書評『心が通じる ひと言添える作法』(臼井由妃著。あさ出版)
ここ10年、携帯電話に加えてメール、SNSとコミュニケーションツールは圧倒的に拡大した。しかしそれでコミュニケーションが円滑になったかといえばそうとも言い切れないだろう。
著者はビジネスでもプライベートでも、心のこもった「ひと言」を付け加えることで、人間関係が格段に変わるという。
例えば誕生日のプレゼントを贈るときに添える一筆箋で、「お誕生日おめでとう」だけでは、その人個人に対する「思い」は伝わらない。そこに、「お互いに楽しく歳を重ねたいですね」「新しいことに、一緒に挑戦していきましょう」など、さりげないひと言を加えると、たしかに印象が変わる。
また、メールや手紙で、要件のみを事務的に伝えるとき、つい定型文で終わってしまいがちだ。しかしそこに感情のこもった「追伸」をひと言添えるだけで、親密度がグッと深まる。

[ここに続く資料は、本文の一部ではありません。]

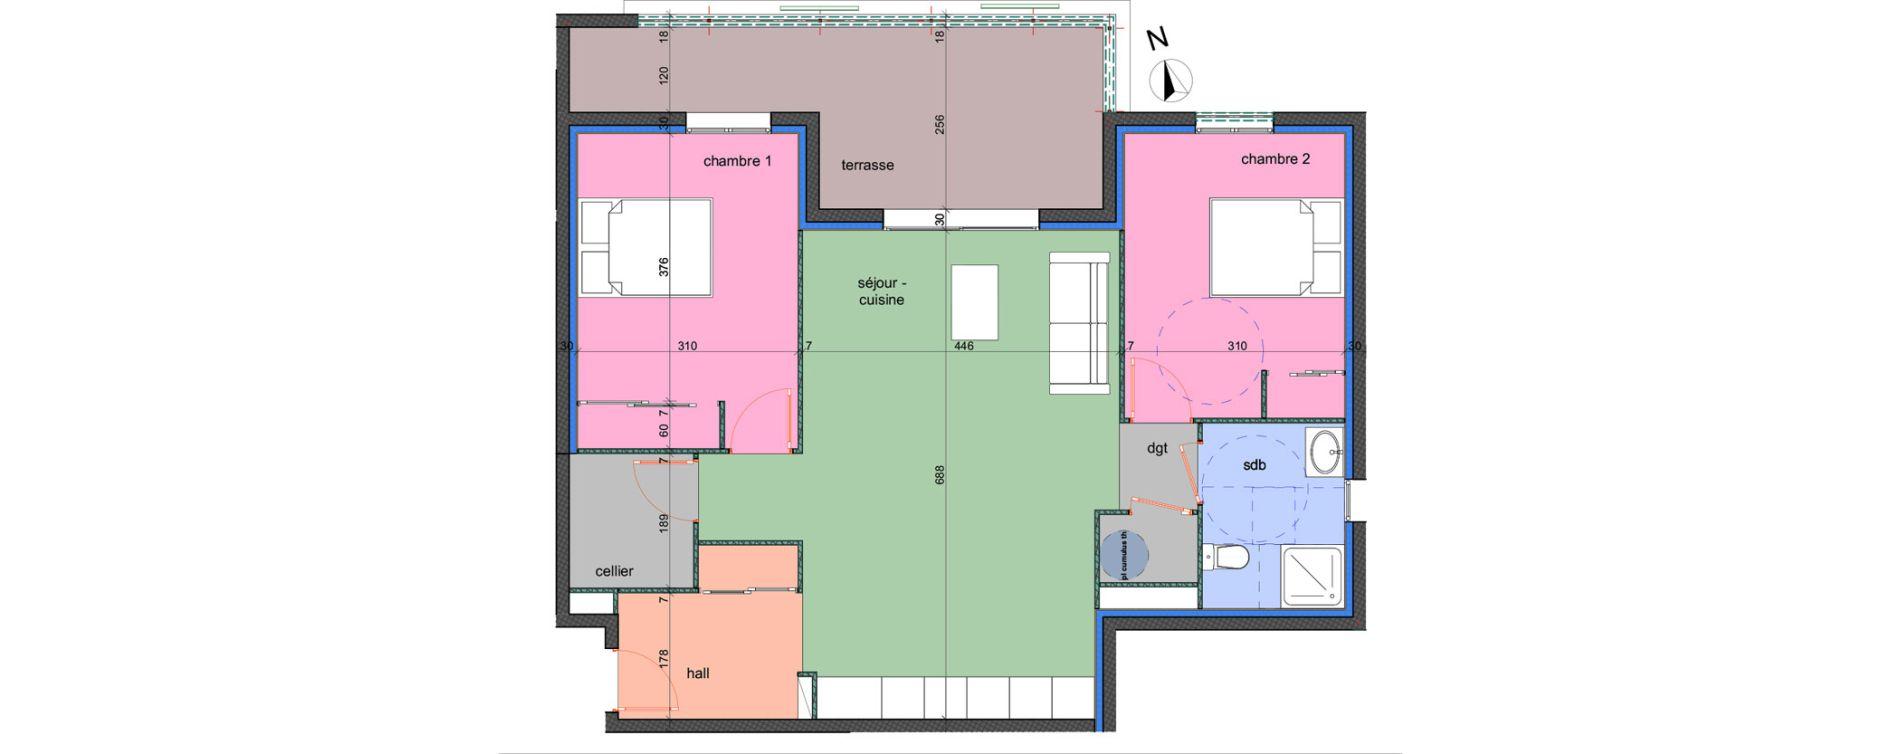 Appartement T3 de 74,50 m2 à Porto-Vecchio Centre

著者が薦めるのが一筆箋の活用だ。3行程度の短い文だが、いざ書こうとしてもなかなか思い浮かばないもの。そこで著者は「書き出しは気楽に」「礼儀をあえて無視する」など、一筆箋を書く際の“七つのポイント”を紹介して執筆を手助けしてくれる。
全編にわたり、とにかく豊富な文例が載っており、すぐに実用できる。ただ、文章技術が大事なのではない。「あなたらしさは、あなたのすなおな言葉で生まれるもの。本書で紹介したのは、その言葉の表現方法であって、こうしなければならないルールではありません」と著者。
著者の臼井由妃氏はエッセイスト、経営者。日テレの人気番組「マネーの虎」にも出演していた方だ。本書は、著者から直接献本頂いたのだが、しっかり心の籠もった「一筆箋」が添えられていた。
(本体1300円。なお本書は『人をトリコにする“ひと言添える”作法』の加筆・修正版)。